How to Detect Visual Abnormalities

2024-05-09

Exception detection (AD) is crucial in key tasks such as fraud detection, network security, and medical diagnosis. Exception detection for visual data such as images, videos, and satellite images is particularly challenging due to high dimensionality and complex underlying patterns. However, visual anomaly detection is essential for detecting defects in manufacturing processes, identifying suspicious activities in surveillance videos, and detecting anomalies in medical images.

In this article, you will learn how to perform anomaly detection on visual data using FiftyOne and Anomalib from the OpenVINO toolkit. For demonstration purposes, we will use the MVTec AD dataset, which contains images of various objects with anomalies such as scratches, dents, and holes.

It includes the following:

  • Loading the MVTec AD dataset in FiftyOne
  • Training an anomaly detection model using Anomalib
  • Evaluating the anomaly detection model in FiftyOne

Setup

Install Dependencies

Make sure to run in a virtual environment with python=3.10. Anomalib requires Python 3.10, so make sure you have the correct version installed.

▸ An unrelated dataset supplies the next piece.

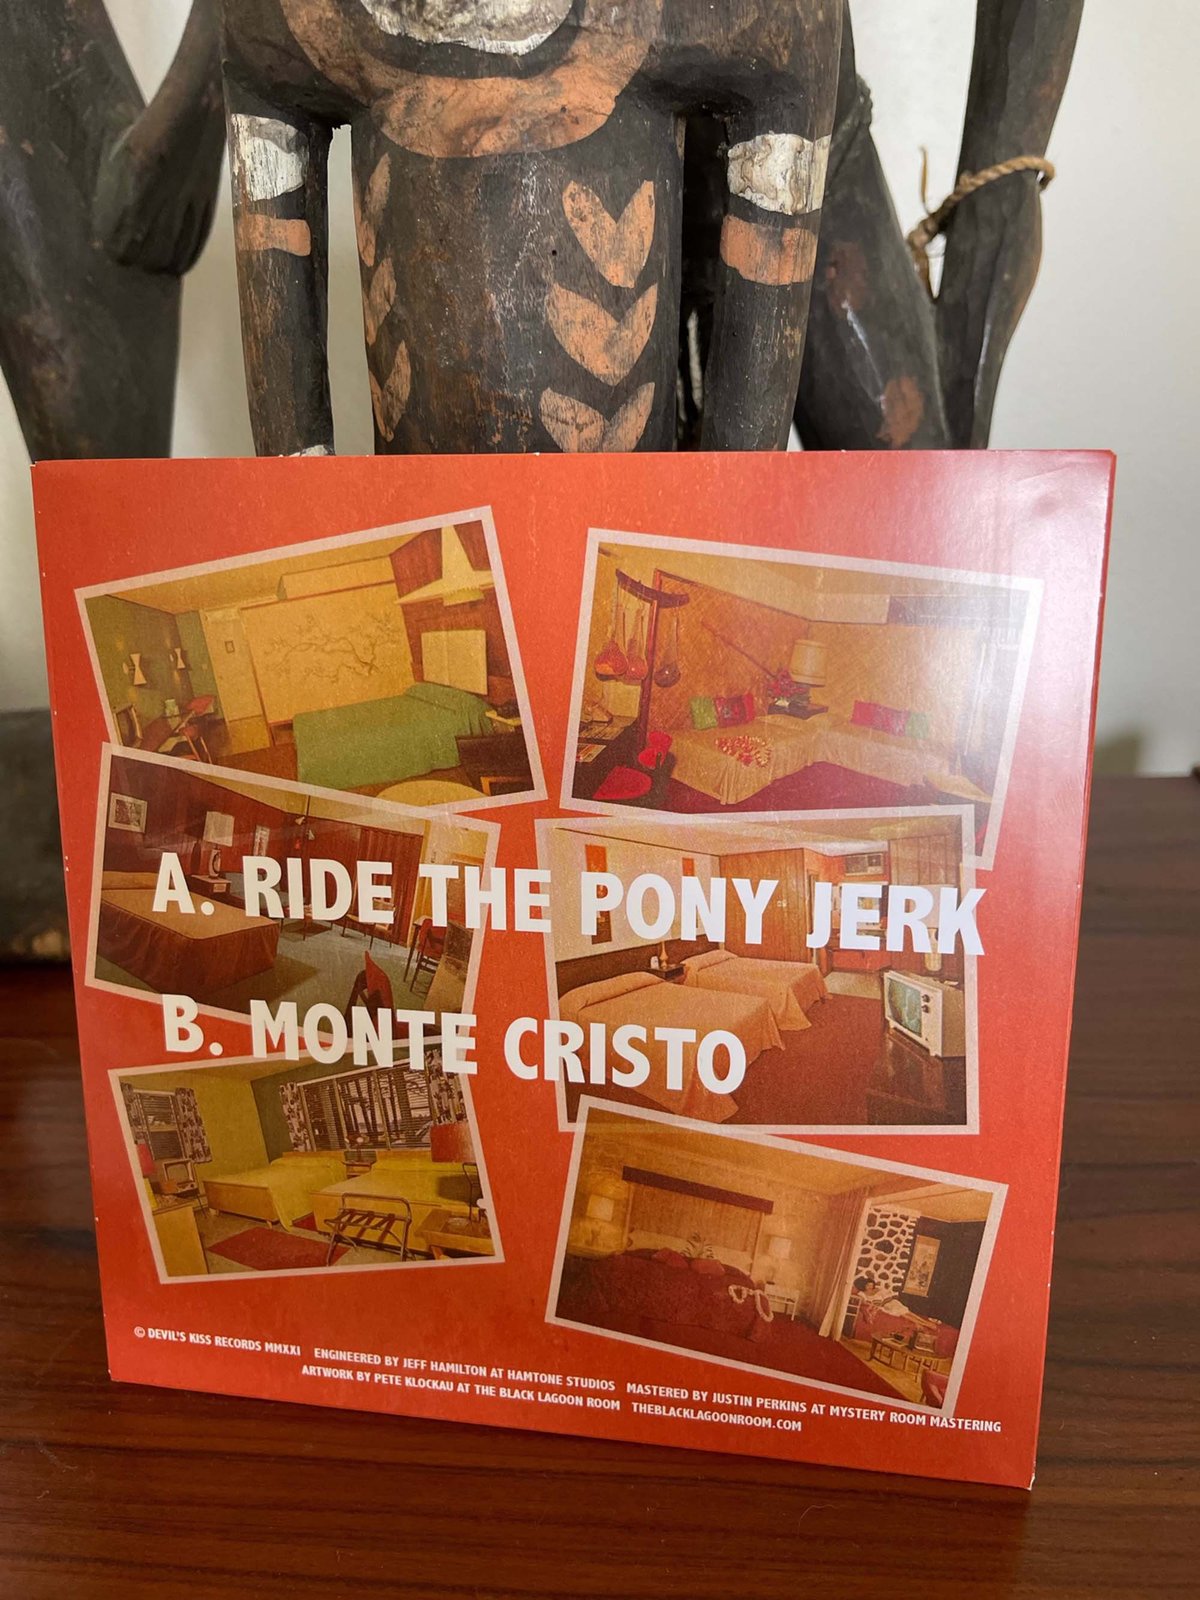 DICK SATAN TRIO "Ride the Pony Jerk b/w Monte Cristo" 45rpm 7" Single Vinyl Record

conda create -n anomalib_env python=3.10
conda activate anomalib_env

Then, install Anomalib and its dependencies from source code according to the instructions in the Anomalib README. Installation may take some time on Google Colab, but should be quick on a local machine:

pip install -U torchvision einops FrEIA timm open_clip_torch imgaug lightning kornia openvino git+https://github.com/openvinotoolkit/anomalib.git

Install FiftyOne from source code to use the latest version of Hugging Face Hub integration for loading the MVTec AD dataset:

pip install -U git+https://github.com/voxel51/fiftyone.git

With just a few packages installed, we're ready to get started. Now you can see why we recommend using a virtual environment for this project!

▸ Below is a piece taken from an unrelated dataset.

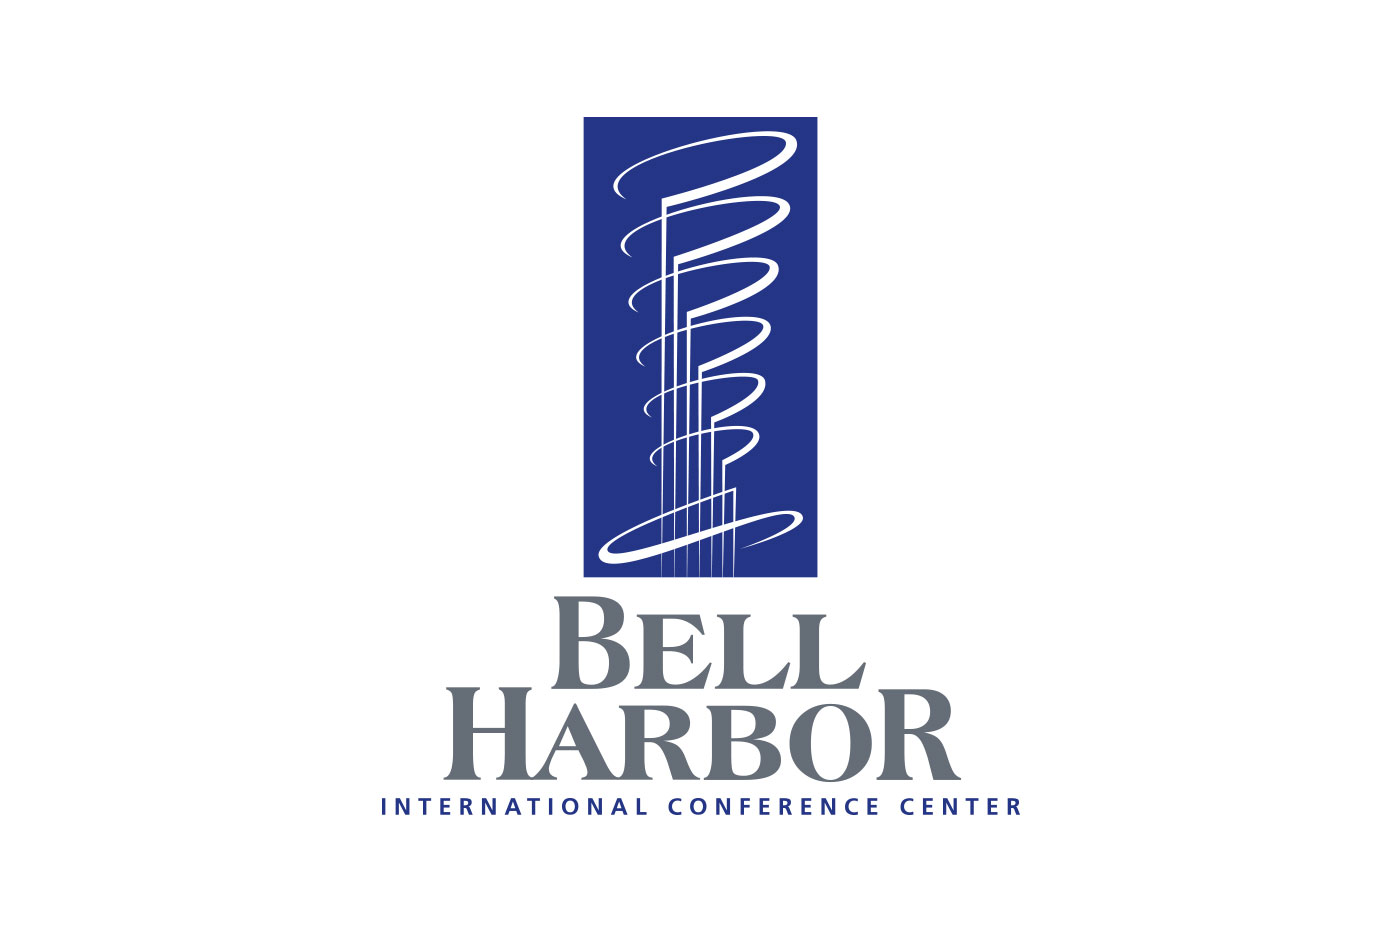 Bell Harbor International Conference Center

  • huggingface_hub for loading the MVTec AD dataset
  • clip for computing image embeddings
  • umap-learn for dimensionality reduction
pip install -U huggingface_hub umap-learn git+https://github.com/openai/CLIP.git

Loading and Visualizing the MVTec AD Dataset

Now let's import all the necessary modules from FiftyOne:

import fiftyone as fo # base library and app
import fiftyone.brain as fob # ML methods
import fiftyone.zoo as foz # zoo datasets and models
from fiftyone import ViewField as F # helper for defining views
import fiftyone.utils.huggingface as fouh # Hugging Face integration

And load the MVTec AD dataset from the "Hugging Face Hub":

dataset = fouh.load_from_hub("Voxel51/mvtec-ad", persistent=True, overwrite=True)

Before we continue, let's take a look at the dataset in the FiftyOne app:

session = fo.launch_app(dataset)

The dataset contains 5354 images of 12 object categories. Each category has "good" and "anomaly" images with defects such as scratches, dents, and holes. Each anomaly sample has a mask for locating the defect region in the image.

Each category has different defect labels, which is typical in real-world anomaly detection scenarios. In these scenarios, you need to train different models for each category. Here, we will go through the process for one category, but you can apply the same steps to other categories.

One more thing to note is that the dataset is divided into a training set and a test set. The training set only contains "good" images, while the test set contains both "good" and "anomaly" images.

Before training the model, let's explore the dataset. We can gain insights into the hidden structure and patterns in the data by computing image embeddings and visualizing them in a low-dimensional space. First, we will compute embeddings for all images in the dataset using the CLIP model:

model = foz.load_zoo_model("clip-vit-base32-torch")  # load the CLIP model from the zoo
# Compute embeddings for the dataset
dataset.compute_embeddings(
model=model, embeddings_field="clip_embeddings", batch_size=64
)
# Dimensionality reduction using UMAP on the embeddings
fob.compute_visualization(
dataset, embeddings="clip_embeddings", method="umap", brain_key="clip_vis"
)

Refresh the FiftyOne App, click on the "+" tab, and select "Embeddings". Choose "all_clip_vis" from the dropdown menu. You will see a scatter plot of image embeddings in a two-dimensional space, where each point corresponds to a sample in the dataset.

Using the "Color by" dropdown menu, notice how the embeddings cluster based on object categories. This is because CLIP encodes semantic information about the images. Additionally, the CLIP embeddings do not cluster within categories based on defect types.

Training the Anomaly Detection Model

Now that we have some understanding of the dataset, we can train an anomaly detection model using Anomalib.

Task: Anomalib supports image classification, detection, and segmentation tasks. We will focus on segmentation, where the model predicts whether each pixel in the image is anomalous and creates a mask to locate the defect.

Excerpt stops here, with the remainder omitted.